▸ THE PROBLEM
Take the line that contains "La democracia uruguaya" and each line after it to the end of the material below, and return them exactly, minus the pictures.

▸ PROVIDED MATERIAL
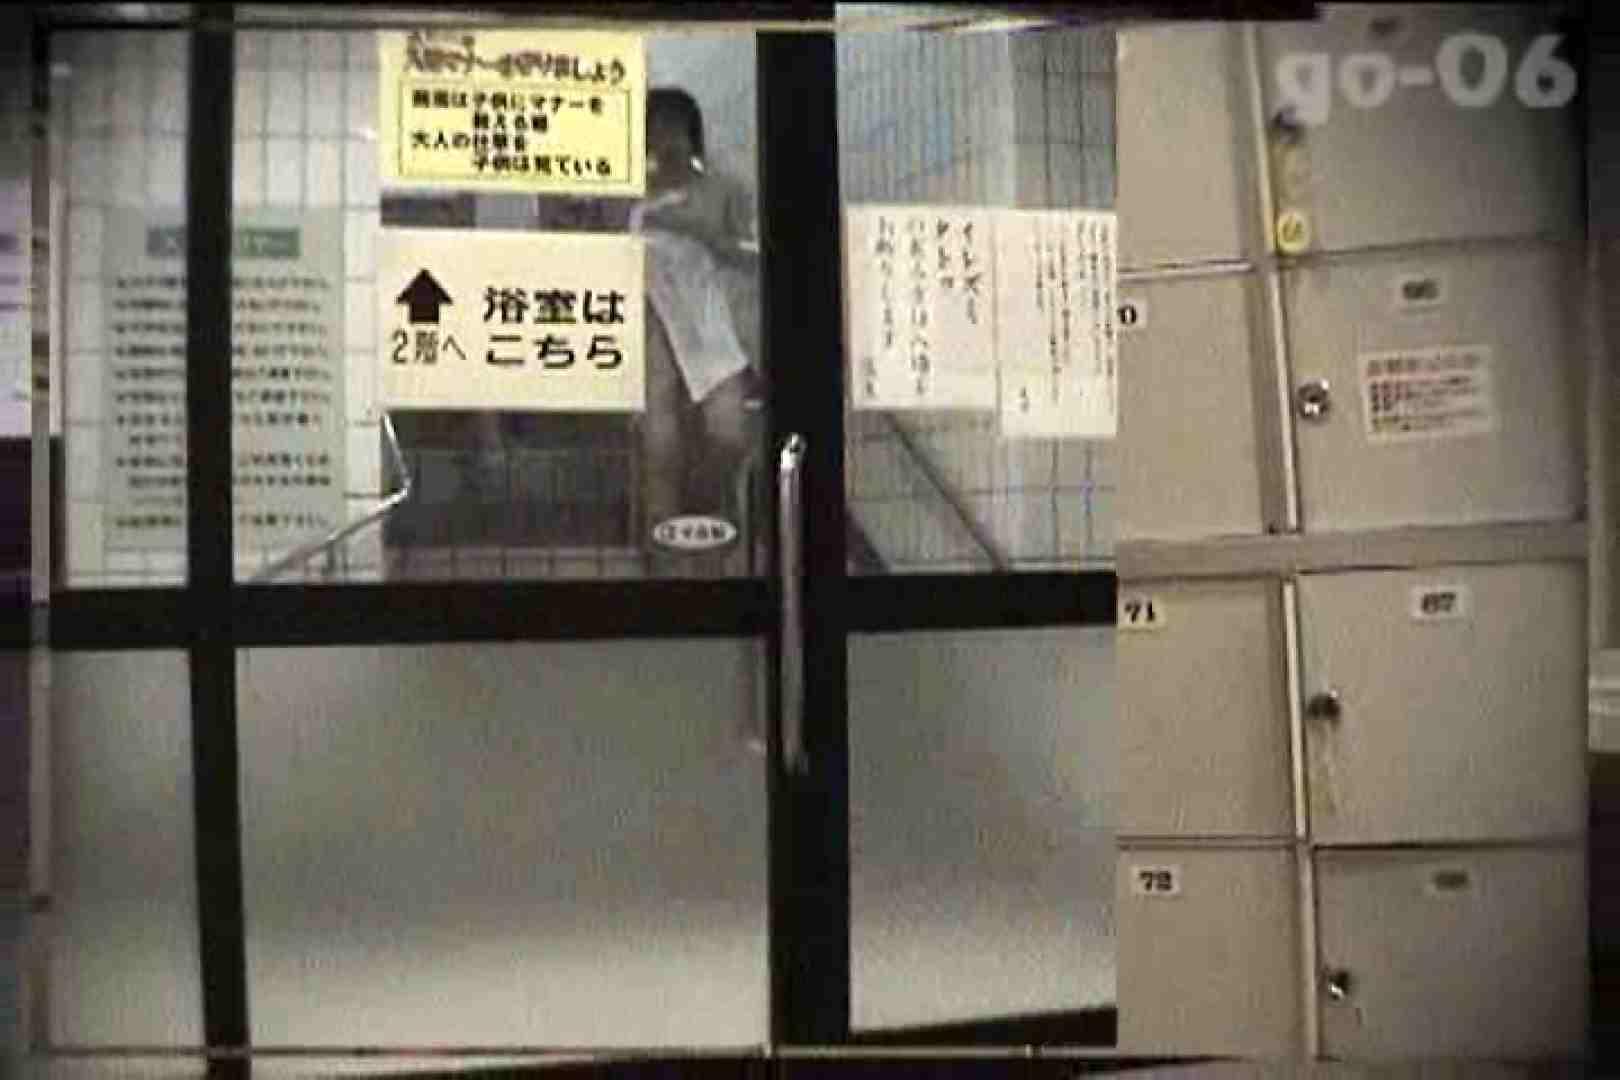 電波カメラ設置浴場からの防HAN映像 Vol.06 盗撮・必見 オマンコ無修正動画無料 106画像 76
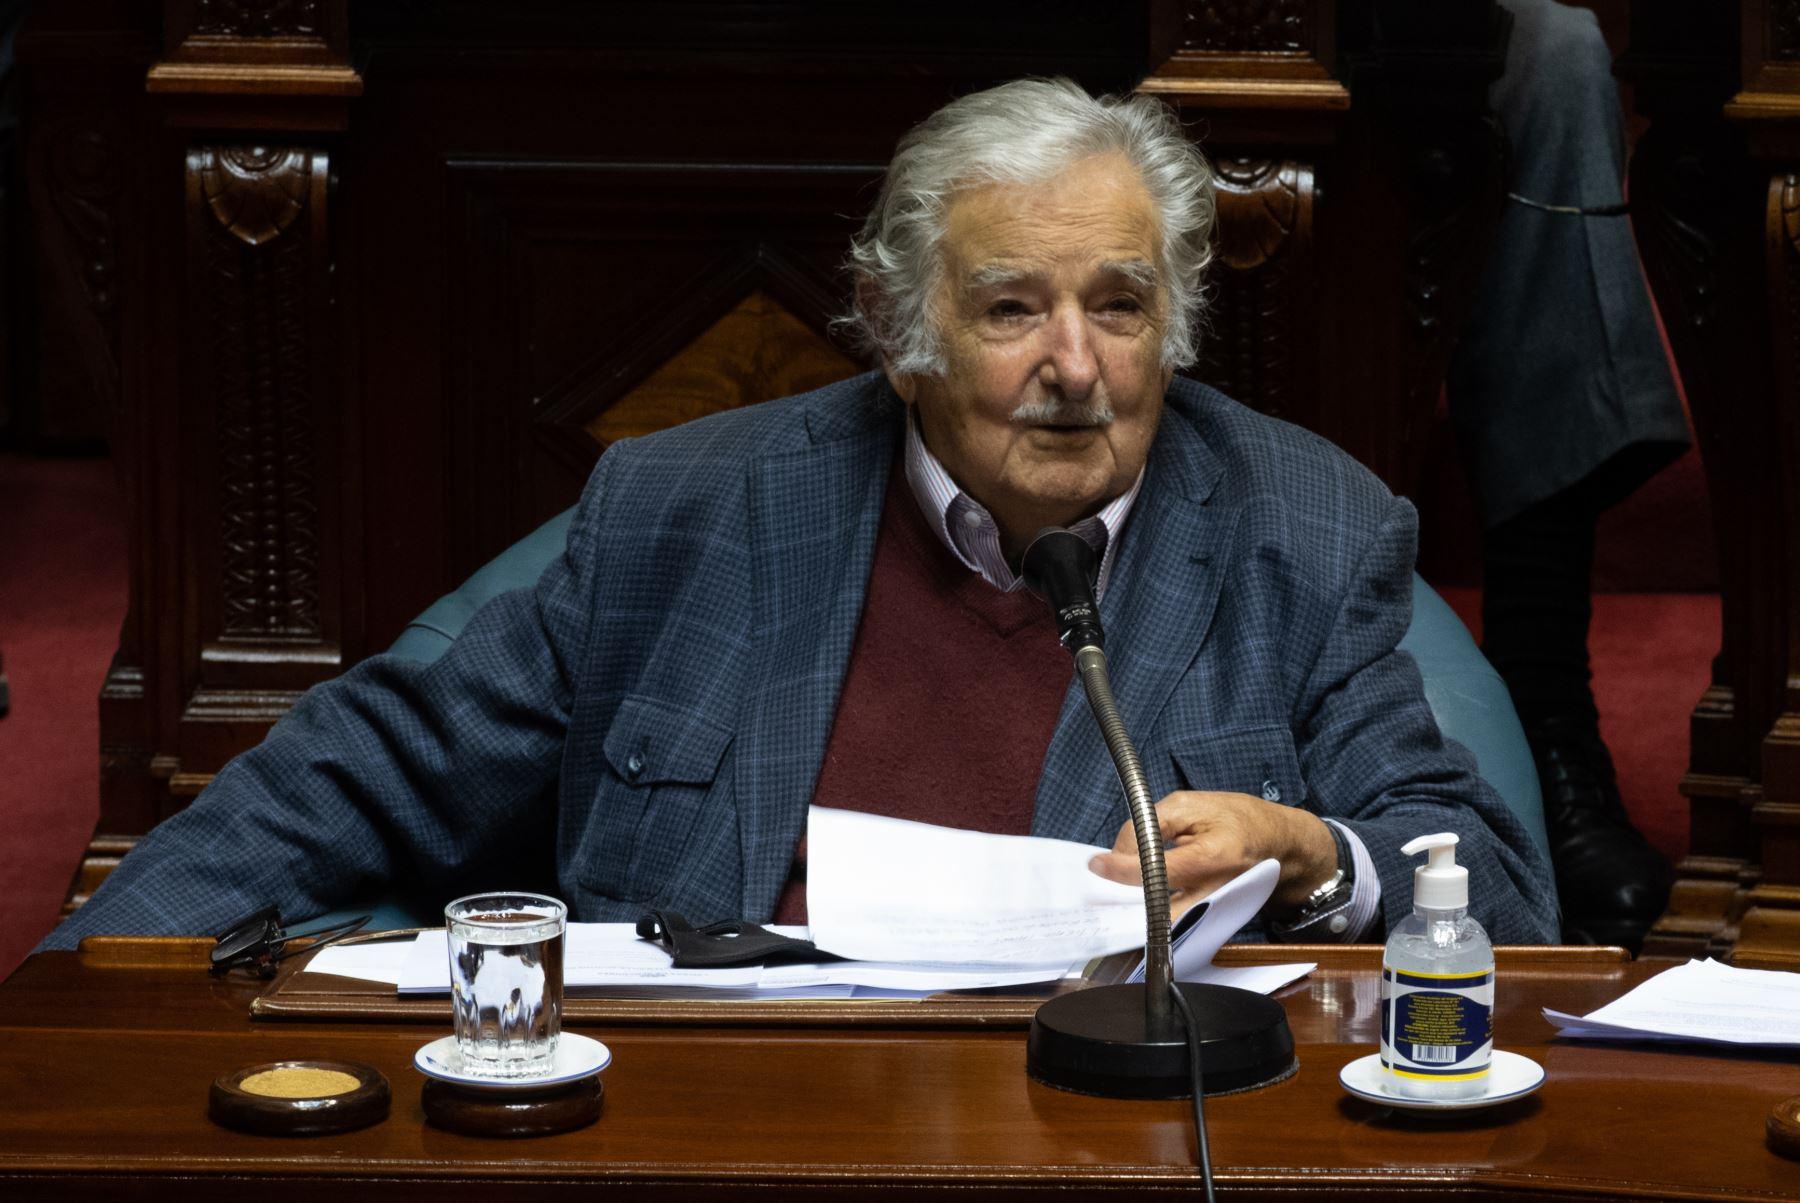 La democracia uruguaya despide a Mujica con lágrimas y aplausos
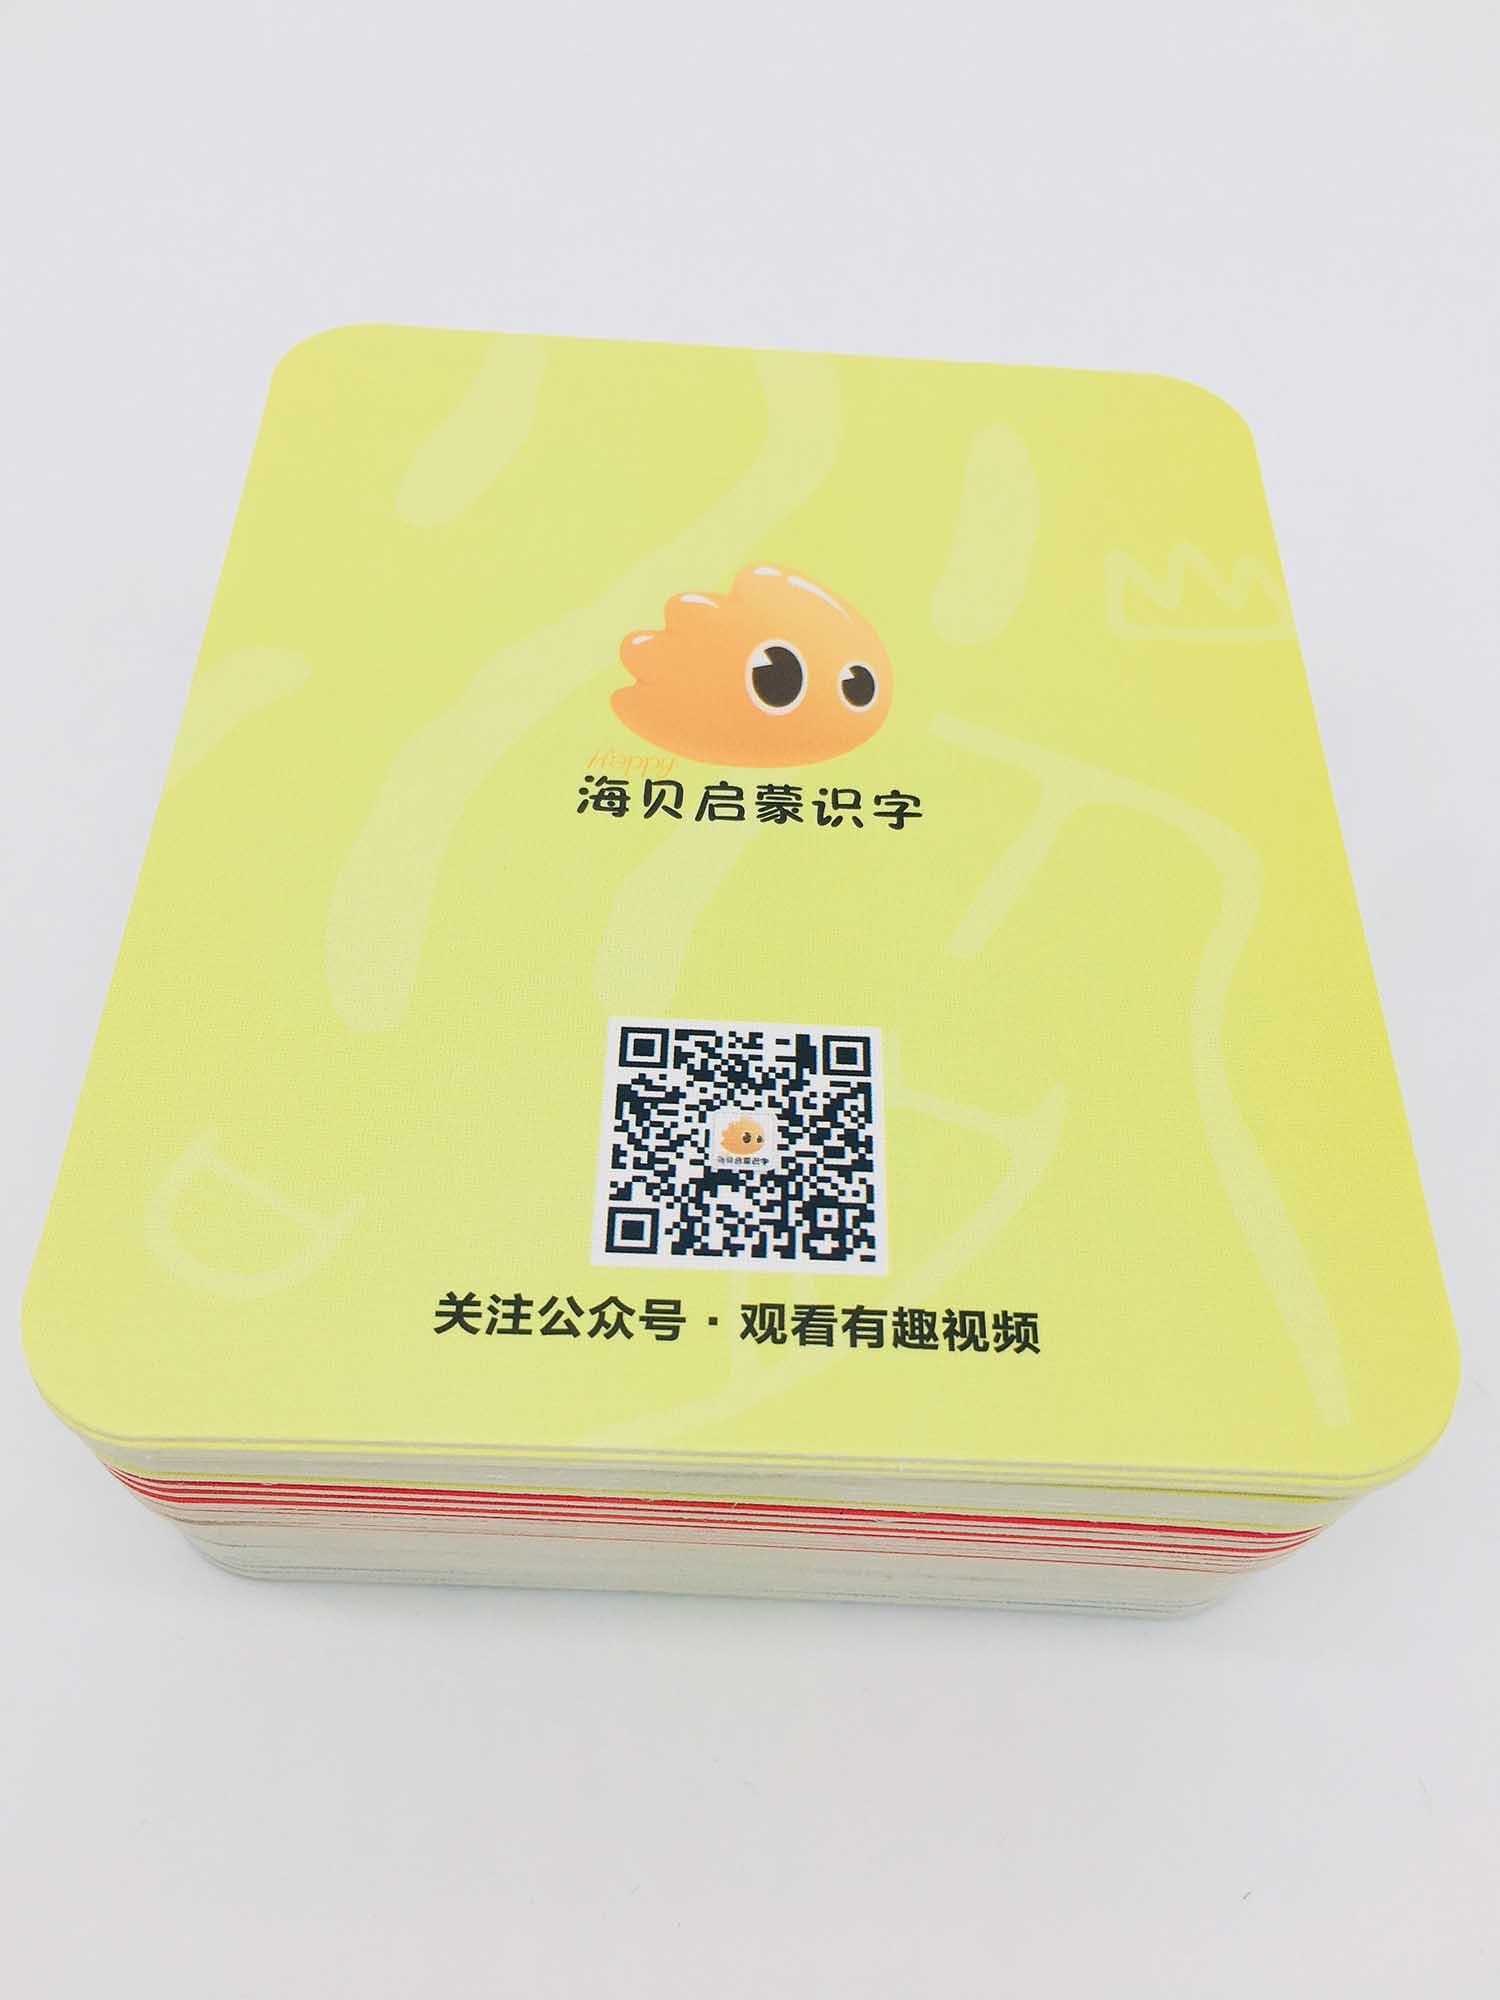 兴国印刷厂画册样本宣传册定制

▸ TASK ANSWER
 La democracia uruguaya despide a Mujica con lágrimas y aplausos
 兴国印刷厂画册样本宣传册定制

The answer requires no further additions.